Get out of town: Living in a non-central college

Features Student Life

“Ohh, interesting… that’s quite far out, isn’t it?” – The automatic response of any high street collegiate in the textbook exchange of introductory questions. One repressed eye-roll later and I find myself speaking in defence of my humble, radically modern home, St Hilda’s, perched on the river across Magdalen Bridge (that’s right, Cowley country). Yes, I have to cycle to all my lectures. No, I can’t fall out of my bed and into exam schools at the end of Trinity. And yes, I do have to get a taxi home from Park End (or, you know, avoid going entirely). But there is also something special about living in a college outside the centre – and it’s not just the reduced likelihood of being taken out by a selfie-stick in my own college, or my hangover-ridden face non-consensually featuring in several dozen Instagram stories.

There is, unarguably, a snobbery about colleges. The perceived hierarchy is founded on more than location – history, wealth, number of awful prime ministers – but it does play a large role; central colleges like Queen’s and Trinity are, simply, more visible, more readily accessible and, as a general rule, older and therefore more established than most of the “peripheral” colleges. It is easy, especially when first arriving in Oxford, to harbour a kind of college-envy about these things. And there are tangible downsides; there is a sense, for instance, that it’s harder to establish friendships outside of college; neighbours are sparse. You’re more likely to bump into people you know on your way home down Turl Street than at the infernal roundabout over Magdalen Bridge. And a Balliolite persuaded to make the 15-minute walk to your obscure peasant-college? Unheard of, about as morally defensible as passing Hassan’s on the way to Houssain’s. Hearing the inevitable “Is it even a real College though” is going to make your heart sink a little.

“There is, unarguably, a snobbery about colleges. The perceived hierarchy is founded on more than location – history, wealth, number of awful prime ministers – but it does play a large role”

But being ‘out of town’ has its advantages. Away from the pressure of maintaining an air of prestige – the untouchable quads, staff-manned bars and formals that don’t descend into carnage – college energies and funds are focussed instead on forging a sense of home-life and community. Democracy overrides tradition; at Hilda’s, our LGBT+ community, rather than having to fight for the rainbow to stay on the flagpole, is integrated into everyday life – an unchallengeable chamber of the college’s beating heart. Our bar unites generations; humming with the sound of slightly dodgy speakers and the undertones of conversations between college kids and their grandparent’s peers. (In the daytime, the hum is usually attributable to the house-sized drill in our college construction site). Our lawns are not untouchable and host picnics, football games and shared Prosecco with the principle. Perhaps thanks to our geographical isolation it is possible – and necessary – to become a part of the college family – and this includes college staff, tutors and the college cats.

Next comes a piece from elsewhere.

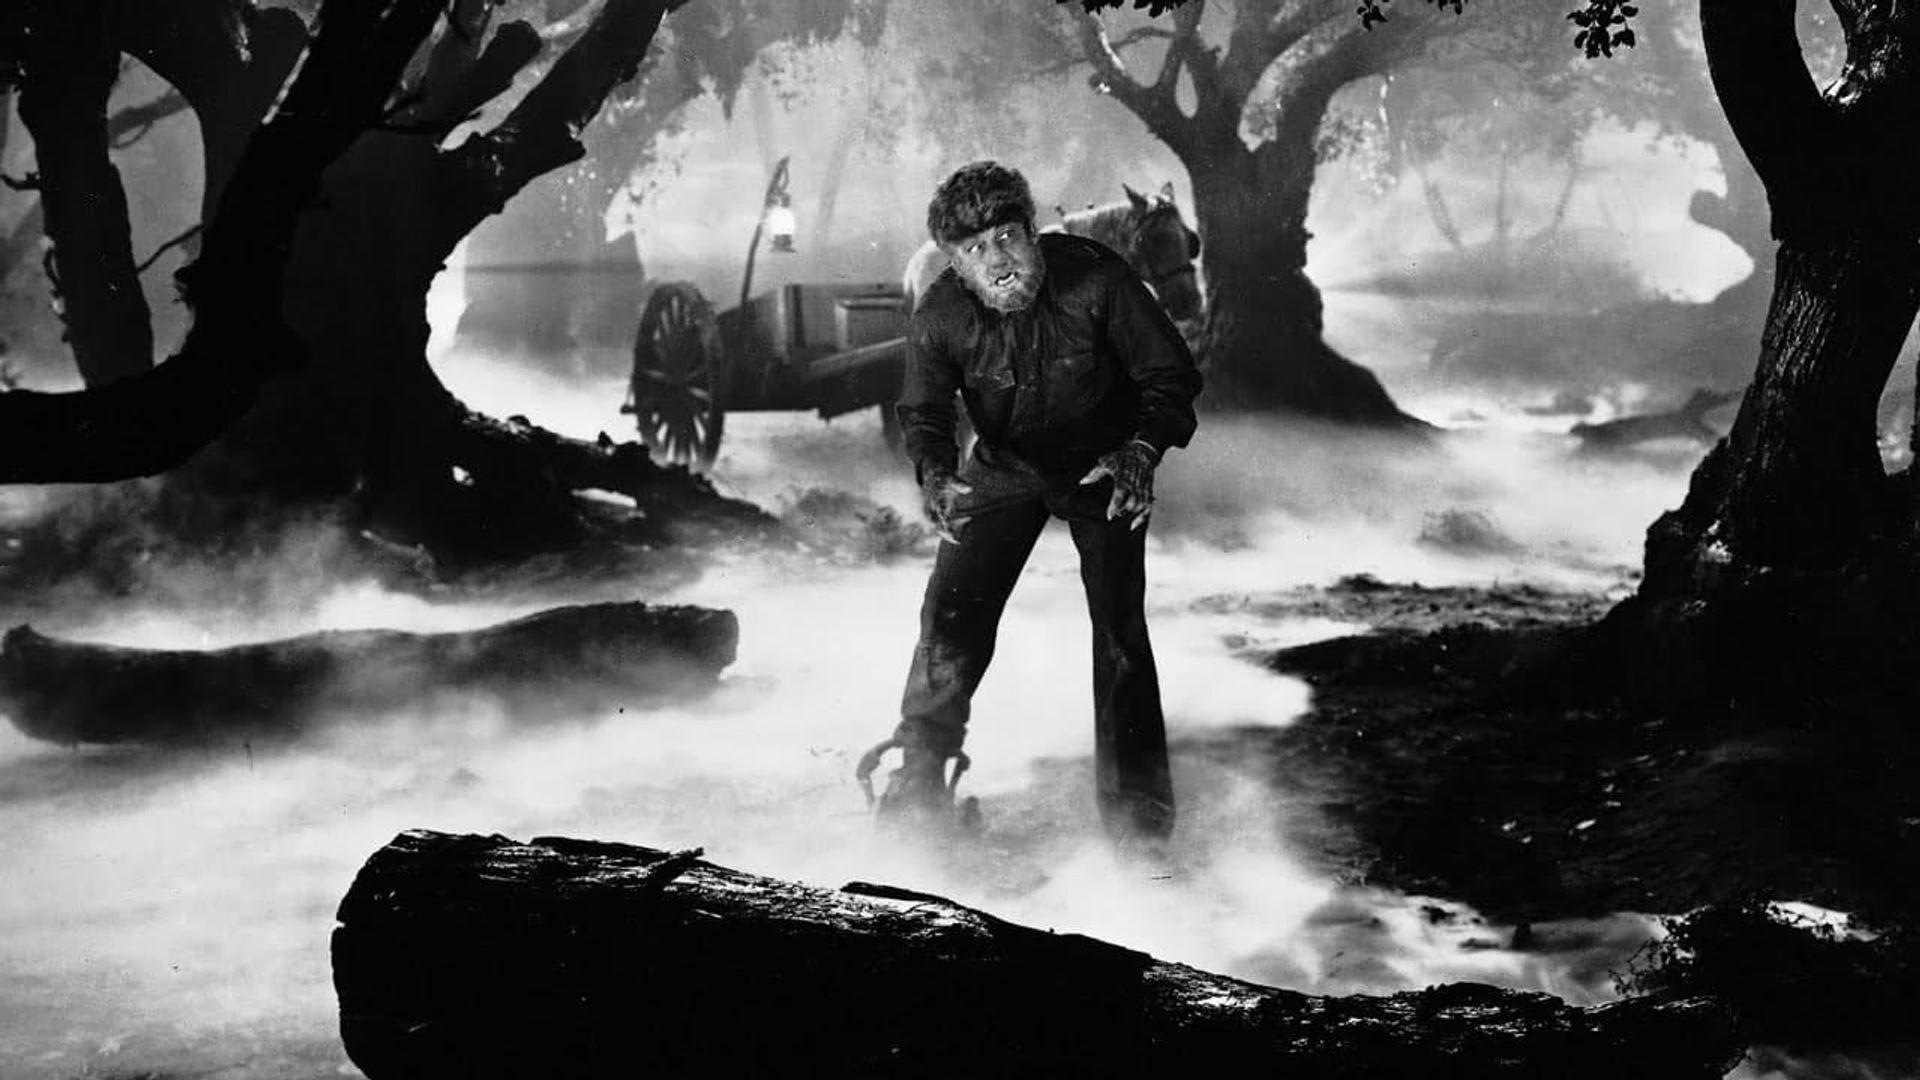 Monster by Moonlight! The Immortal Saga of 'The Wolf Man' background

Counter-intuitively, as a result of the close-knit communities in colleges that are further out, there is also more of an impetus to make contact with other colleges; wheedling into inter-collegiate crewdates, sport’s teams and cultural events, or even gathering small groups to ‘venture out’ together to political and subject-specific society events in town give us endless opportunities to meet new people (even if it takes a good walk to get there first).

“Perhaps thanks to our geographical isolation it is possible – and necessary – to become a part of the college family – and this includes college staff, tutors and the college cats.”

Outskirt colleges also have the advantage of much cheaper (and better) local pubs – while centre colleges have to flock to Spoons for an affordable pint, Cowley has a whole array of affordable and lovely bars, cuisine from around the world and live music and open mic nights all week long, without the men in sub fusc angrily citing Kant at each other at full volume. So, in those, for me at least, very regular moments where I feel like packing my things, rusticating, and opening a turtle sanctuary in the Caribbeans, its generally easier just to get a taste of ordinary life outside of Oxford for a couple of hours.

Our Oxford experience doesn’t involve a back exit onto Radcliffe Square, but then it also involves so many opportunities and freedoms that are simply not available to central colleges. It involves looking at the ‘dreaming spires’ stencilled against the horizon – while sprawled across the lawn by the river Cherwell together, sharing five-pound wine and overlooking tulip-fringed paths and ineffective punters. Of course, when I walk into Queen’s, straight off high street, my heart still twangs a bit; there is no denying the beauty, the sense of historicity, there is no denying that Queen’s students experience Oxford in a very different way to my adrenaline-fuelled cycle relay race. But this is just the point; the idea of a unified “Oxford Experience” is a fallacy. Student life here differs immensely from person to person and this is down to so much more than just the location of your college. Perhaps its time to accept that college snobbery is just another unneeded segregation in the small percentage of people privileged enough to be at one of the top institutions in the world. At the end of the day, crossing the bridge, having a longer walk home from lecture halls – I don’t think these things make a difference, so long as Oxford feels like home.